同国の通信監視機関であるTelecommunications and Digital Government Regulatory Authority(TDRA)は今年4月、同国が2030年までに6G技術を開始することを目指していることを明らかにした。
「この技術は、ロボット工学の能力を高め、人工知能を向上させると期待されている。この技術は、自律的なインテリジェント輸送システムや、遠隔手術や診断などのヘルスケアにおける変革的な発展など、さまざまな領域に革命を起こす可能性を秘めている」。
同委員会は、事業者、メーカー、研究機関を含む委員会を設置し、次のように述べている: 「この技術は、ロボット工学の能力を高め、人工知能を向上させると期待されている。この技術は、自律的なインテリジェント輸送システムや、遠隔手術や診断などのヘルスケアにおける変革的な発展など、さまざまな領域に革命を起こす可能性を秘めている」と述べている。

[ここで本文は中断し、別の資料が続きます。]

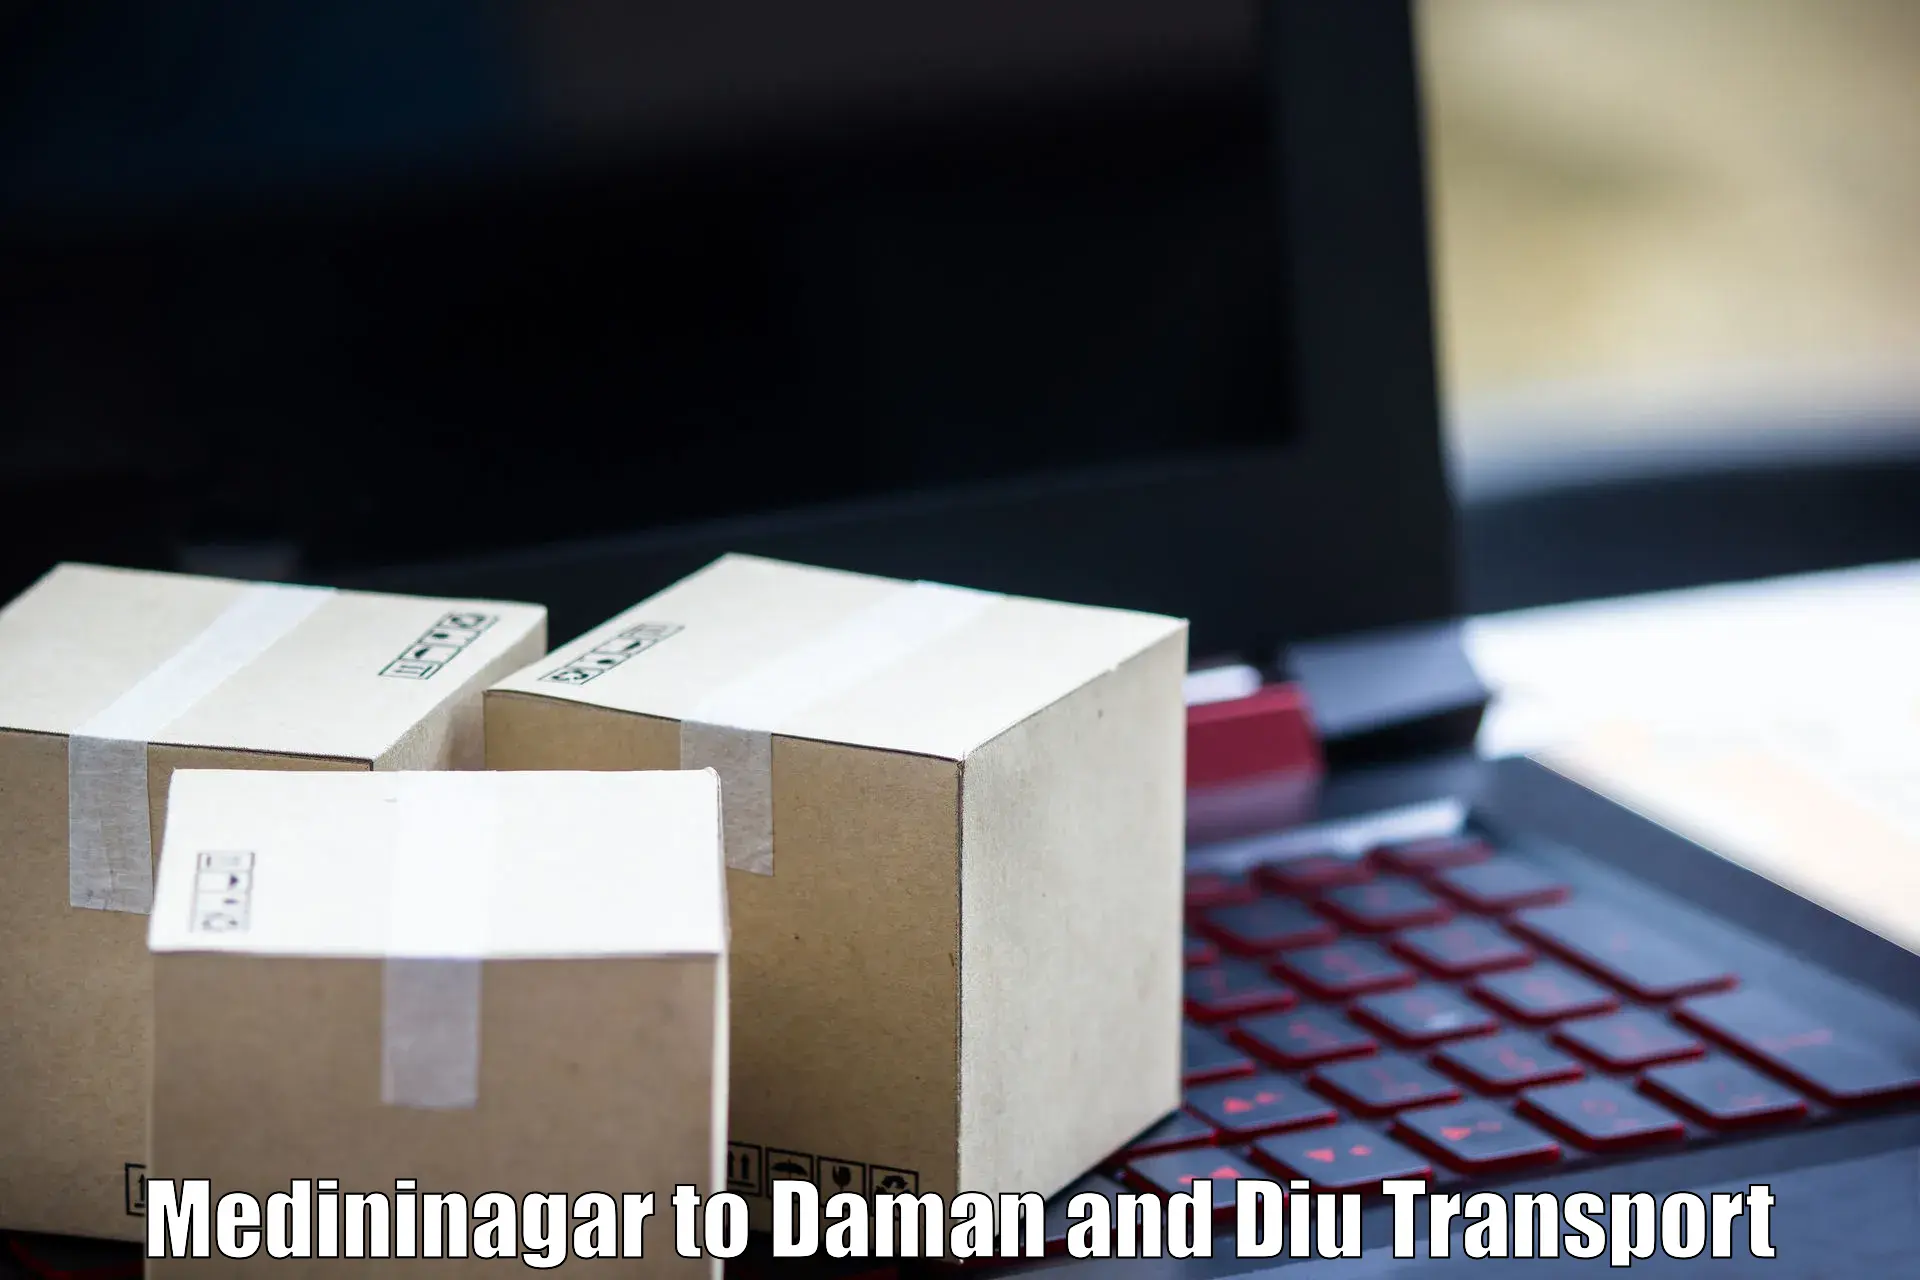 International cargo transportation services in Medininagar to Daman and Diu
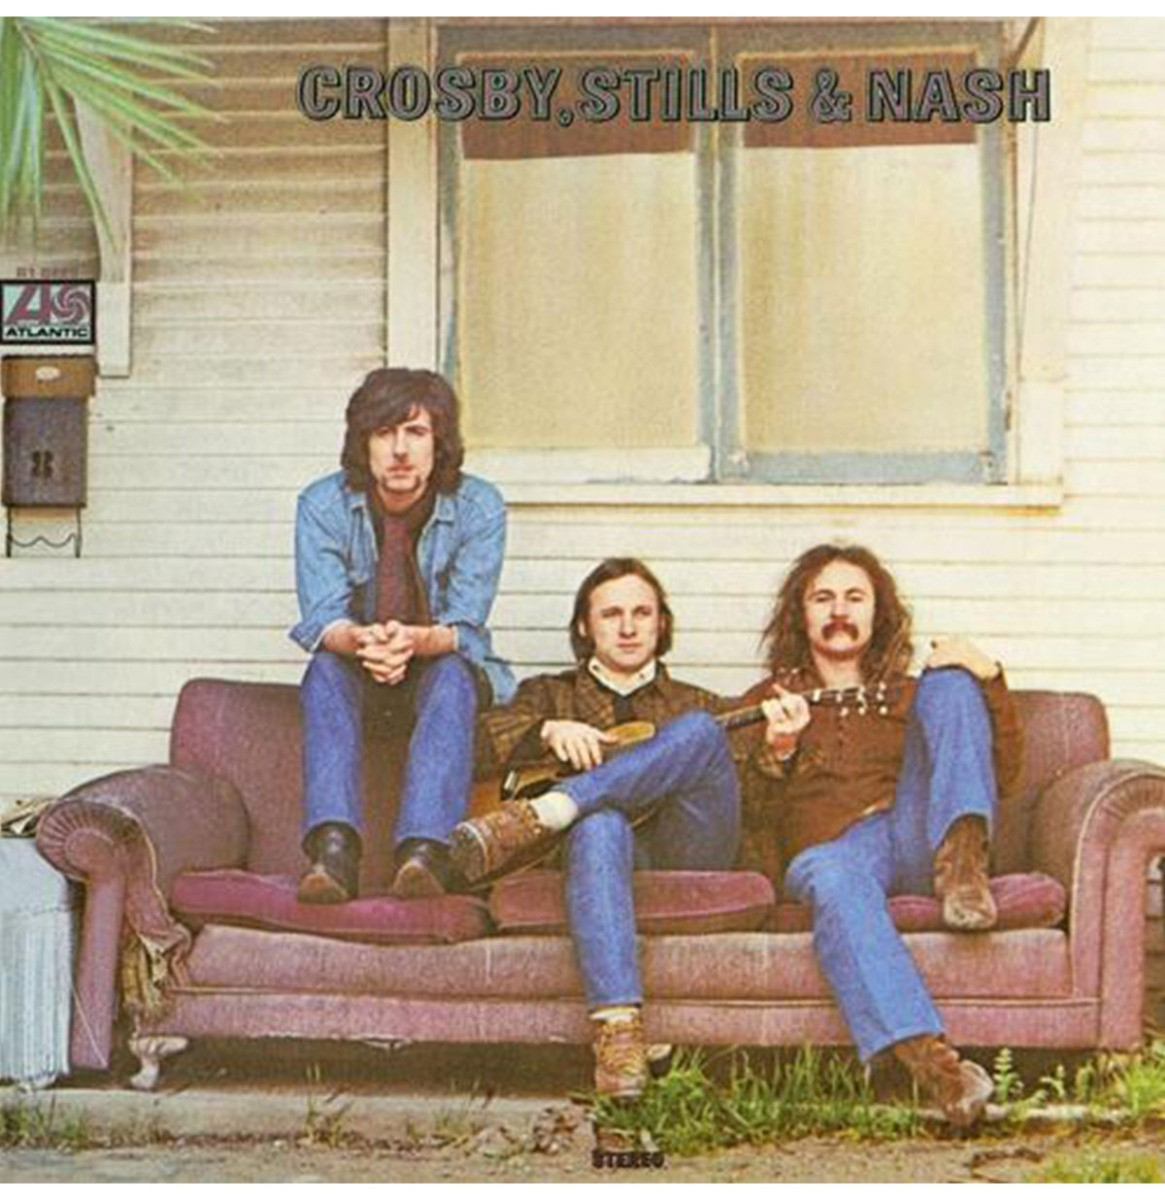 Crosby, Stills & Nash - Crosby, Stills & Nash LP

監視団はまた、”追加の無線周波数を世界的に利用可能にする “必要性を強調した。
2024年7月、シンガポールのシングテルと韓国のSKテレコムは、6Gと人工知能(AI)を含む技術で協力する覚書に調印した。
協力分野には以下が含まれる:
オランダでは、業界コンソーシアムが6G研究開発のために2023年7月に6,100万ユーロ(6,600万ドル)の初期補助金を獲得した。
経済・気候政策省(EZK)が支援するフューチャー・ネットワーク・サービス・プロジェクトは、オランダ国家成長基金の第3ラウンドで支援を受ける18のスキームの1つに選ばれた。
この6年間の政府資金は、6,100万ユーロの条件付き交付金と1億4,200万ユーロの予備費で構成されている。
6G FNSコンソーシアムは、オランダ応用科学研究機構(TNO)が主導し、学術機関、通信事業者(オランダの主要携帯通信事業者であるKPN、Odido、VodafoneZiggoを含む)、ICT企業、ネットワークベンダー(Nokia、Ericssonを含む)、半導体メーカーなど60社が加盟している。